Nobel Prize-winning economist Paul Krugman calculates that there's at
least a $2.1 trillion hole in the economy - an "output gap" between
production capacity and consumers' ability to buy goods. Filling that
hole would require direct investment (like Obama's public works
proposal) of at least $1.5 trillion. But Obama's plan only contains $355
billion, of which only $136 billion would be spent within the next two
years. It's better than nothing, but not by much. Obama wants to plug a
gushing artery with a Band-Aid one-tenth the size of the wound.
It's churlish to predict that Obama's approach won't work. But even
Obama admits it won't. He promises to create four million new jobs by
2011. But we're currently losing four million jobs every five months. If
Obama delivers, 25 million Americans will have lost their jobs by 2011.

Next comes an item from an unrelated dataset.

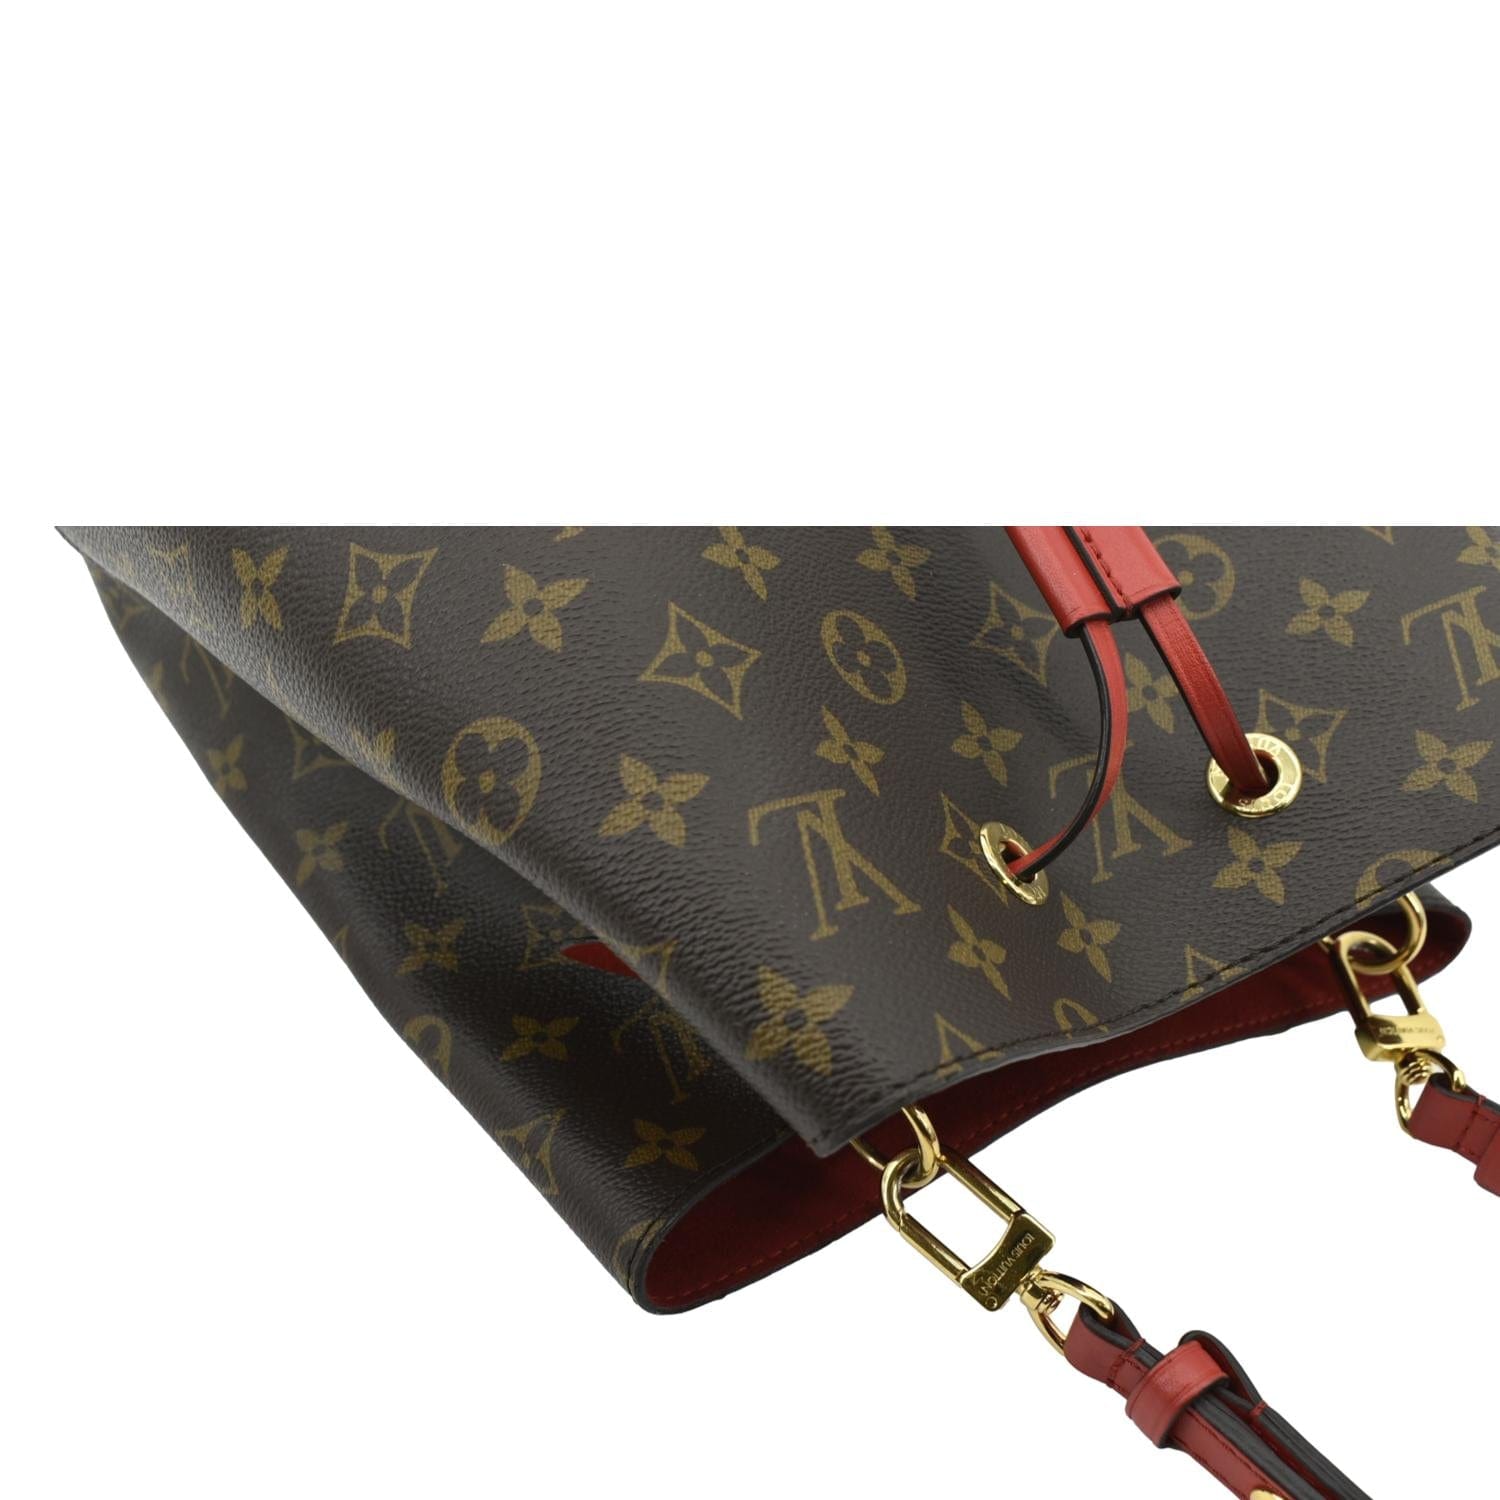 Louis Vuitton Neonoe Mm Rose Poudre Brown Monogram Canvas Shoulder Bag -  MyDesignerly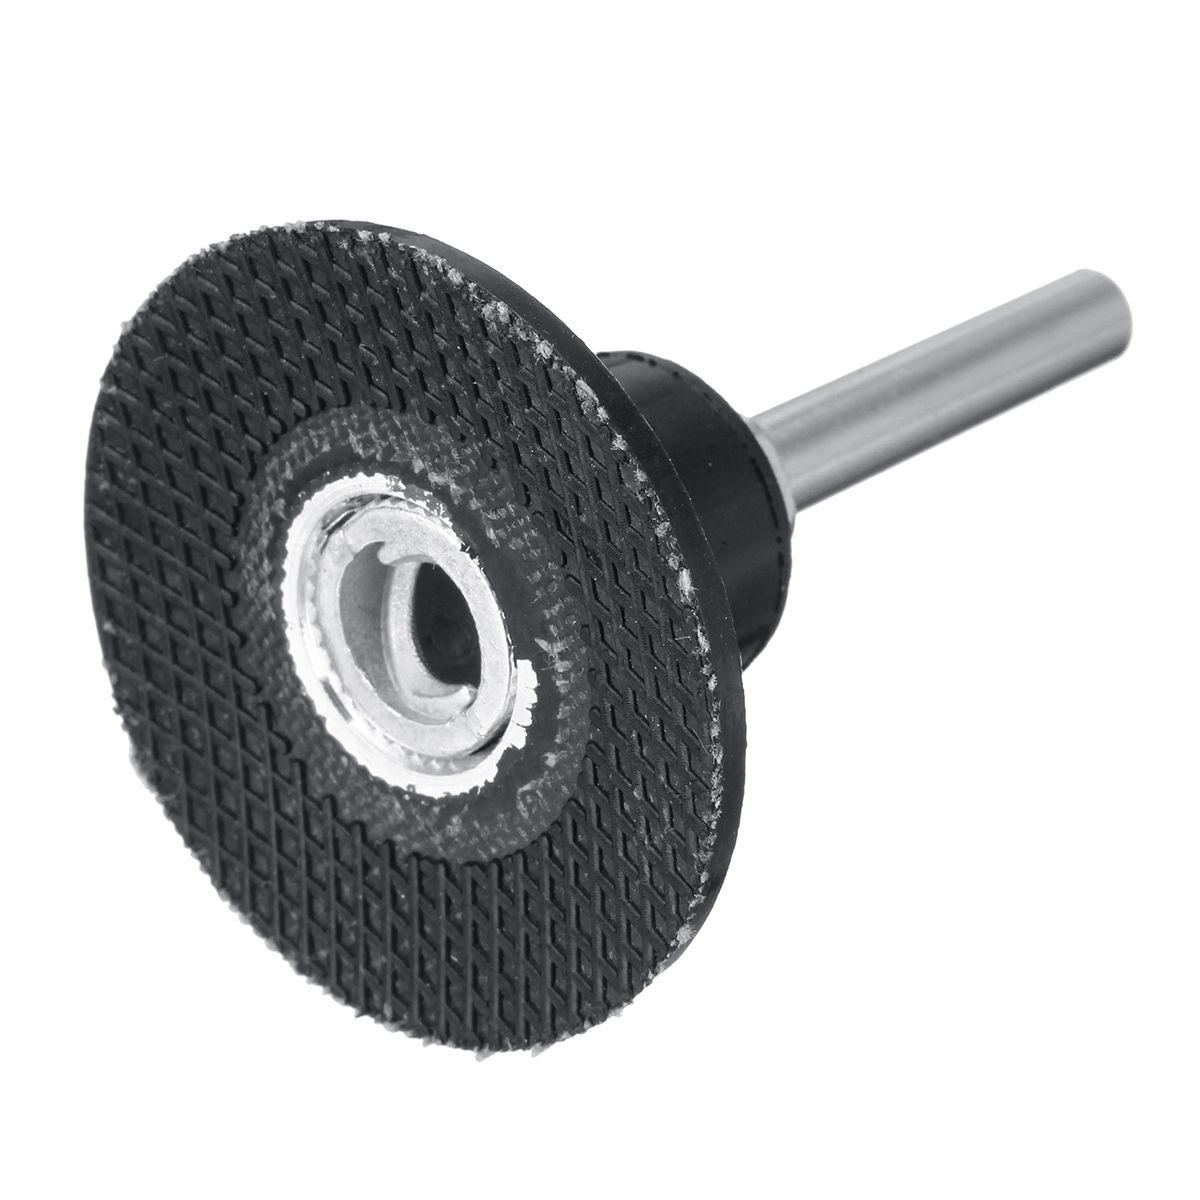 70pcs-Sanding-Discs-Set-2-Type-R-Roll-Lock-Discs-Pads-Sanding-Abrasives-US-1729637

(The math differential is due to the fact that population growth
increases the workforce by 2.8 million jobs annually.) With unemployment
figures like that, no one will doubt that we're in a real depression:
bread lines, suicides, the whole bit.
Obama's order to close Guantanamo and the CIA's secret "black site"
torture prisons within a year is heartening. But as with his other
initiatives, it doesn't go far enough. The detainees should have been
freed, paid a generous compensation package, and given a formal apology
from the US government on Day One of his administration. Gitmo should
have been shuttered immediately. All the torture criminals from Bush to
the US Navy guards should have been thrown in prison and put on trial.
Instead, Obama's goons (they're his now) will keep torturing the
detainees for at least another year. Some detainees may still be
subjected to kangaroo courts. And Obama's executive orders contain
weasel words that let him take back America's renewed commitment to
constitutional rights with the snap of a finger. The orders, reports the
Times, "could also allow Mr Obama to reinstate the CIA's detention and
interrogation operations in the future, by presidential order, as some
have argued would be appropriate if Osama bin Laden or another top-level
leader of al-Qaida were captured".
Meanwhile, the Bush administration creeps who personally ordered the
murder and torture of innocents kidnapped by the military, including
young children, will not face prosecution.
During the campaign, Obama promised there would be "no more illegal
wiretapping of American citizens". He has since changed his mind. Obama
will keep the USA-Patriot Act. Habeas corpus, eliminated by the Military
Commissions Act, won't come back.
The biggest reason hope doesn't stand a chance is Afghanistan, where
Obama plans to send the soldiers he wants to pull out of Iraq. The
international community, which understands that the 2001 US invasion of
Afghanistan had no more to do with 9/11 than the war against Iraq, will
not take kindly to this escalation. Moreover, the war against
Afghanistan is even less winnable than Iraq. At a time when we can least
afford foreign adventurism, Obama plans to pour billions of dollars and
thousands of lives into an Afghan charnel house with no prospect of victory.
Bush faced energetic opposition. Obama, on the other hand, is adored by
the very people who should be shouting at him the loudest. Conservatives
lost their credibility by supporting Bush, leaving Republican voices out
in the cold.
Give the man a chance? Not me. I've sized up him, his advisers and their
plans, and already found them sorely wanting. It won't take long, as
Obama's failures prove the foolishness of Americans' blind trust in him.
Obama isn't our FDR. He's our Mikhail Gorbachev: likeable, intelligent,
well-meaning, and ultimately doomed by his insistence on being
reasonable during unreasonable times.
_____
Ted Rall is the author of To Afghanistan and Back: A Graphic Travelogue
and Silk Road to Ruin: Is Central Asia the New Middle East? (2002) He
draws cartoons and writes columns for Universal Press Syndicate.